- Directed by: Rob Burnett
- Written by: Rob Burnett
- Produced by: Rob Burnett; Marc Maron; David Martin; Nicky Weinstock; Divya D’Souza;
- Starring: Marc Maron; Lily Gladstone; Judy Greer; Talia Ryder; Michael McKean; Justin Long; Alan Ruck; Sharon Stone;
- Cinematography: Barry Peterson
- Edited by: Lee Haxall
- Music by: Will Bates
- Production companies: Avalon; Invention Studios;
- Release date: June 7, 2026 (Tribeca Festival);
- Running time: 118 minutes
- Country: United States
- Language: English

= In Memoriam (2026 film) =

American comedy film

In Memoriam is a 2026 American comedy film written and directed by Rob Burnett. It stars Marc Maron, Lily Gladstone, Judy Greer, Talia Ryder, Michael McKean, Justin Long, Alan Ruck, and Sharon Stone.
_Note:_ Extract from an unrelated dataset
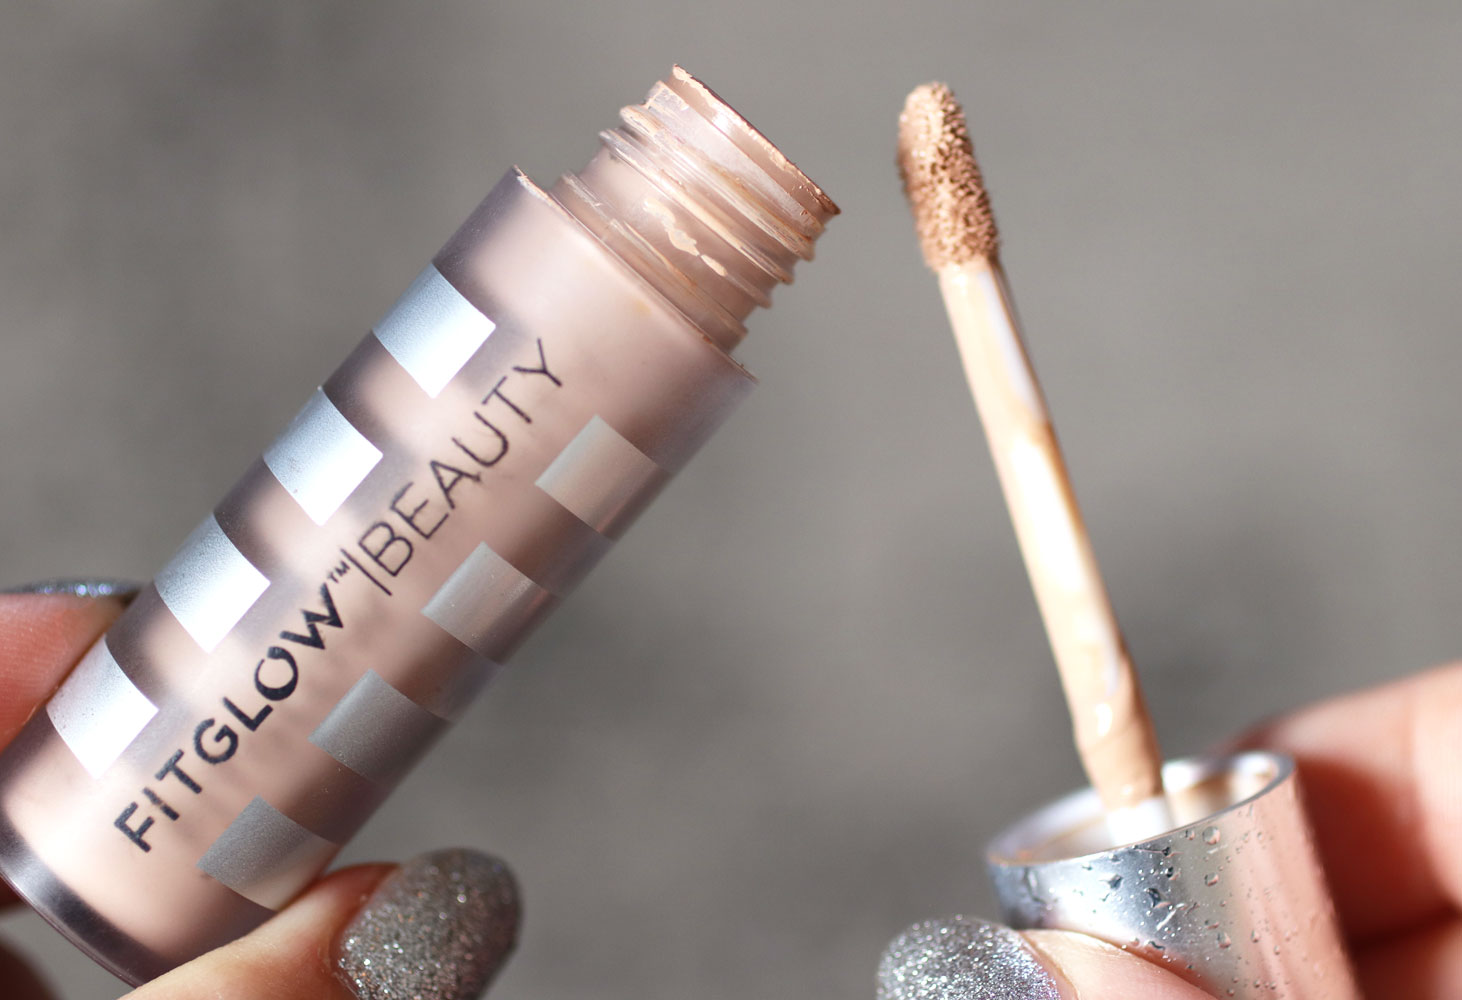 Best cruelty free concealers guide - Fitglow Beauty concealer review

The plot follows an aging actor who, after being diagnosed with terminal cancer, becomes obsessed with securing a spot in the Academy Awards' "In Memoriam" segment.

The film was co-produced by Avalon and Invention Studios. Principal photography took place in Los Angeles in late 2024. In Memoriam premiered at the Tribeca Festival on June 7, 2026.

==Premise==
Faced with his terminal cancer, an aging actor becomes obsessed with being included amongst the In Memoriam section of the Academy Awards ceremony.

==Cast==
- Marc Maron as Langston Stanfield
- Lily Gladstone as Samantha, Langston's therapist
- Judy Greer as Chelsea, Langston's ex-wife
- Talia Ryder as Maura, Langston and Chelsea's daughter
- Michael McKean as Walter, Langston's manager
- Sharon Stone as Vicky Cash, a movie star and Langston's ex-wife who has cancer
- Megalyn Echikunwoke as Rachel, a Public Relations expert
- Justin Long as Jack Stackhouse
- Alan Ruck as Jeremy Marvin
- Amanda Booth as Aurora
- Vivienne Lucille as Little Frannie
- Matthew Gold as Arno
- Merrick Hanna as Ricky
- Mila Degray as Mila Degray
- Jimmy Kimmel as himself
- Guillermo Rodriguez as himself

==Production==
The film is written and directed by Rob Burnett. Nicholas Weinstock and Divya D’Souza are producers with Burnett and David Martin from Avalon, alongside Marc Maron, who leads a cast that also contains Judy Greer, Talia Ryder, Lily Gladstone, Sharon Stone, Michael McKean, Justin Long and Vivienne Lucille. Principal photography began in Los Angeles in October 2024. In November, Alan Ruck joined the cast.

==Release==
In Memoriam premiered at the Tribeca Festival on June 7, 2026.

==Reception==
On the review aggregator website Rotten Tomatoes, 100% of 11 critics' reviews are positive, with an average rating of 7.6/10.

Pete Hammond of Deadline wrote that it's "a sharp character study of a man nearing the end and finding out the real meaning of life before his hits the end credits."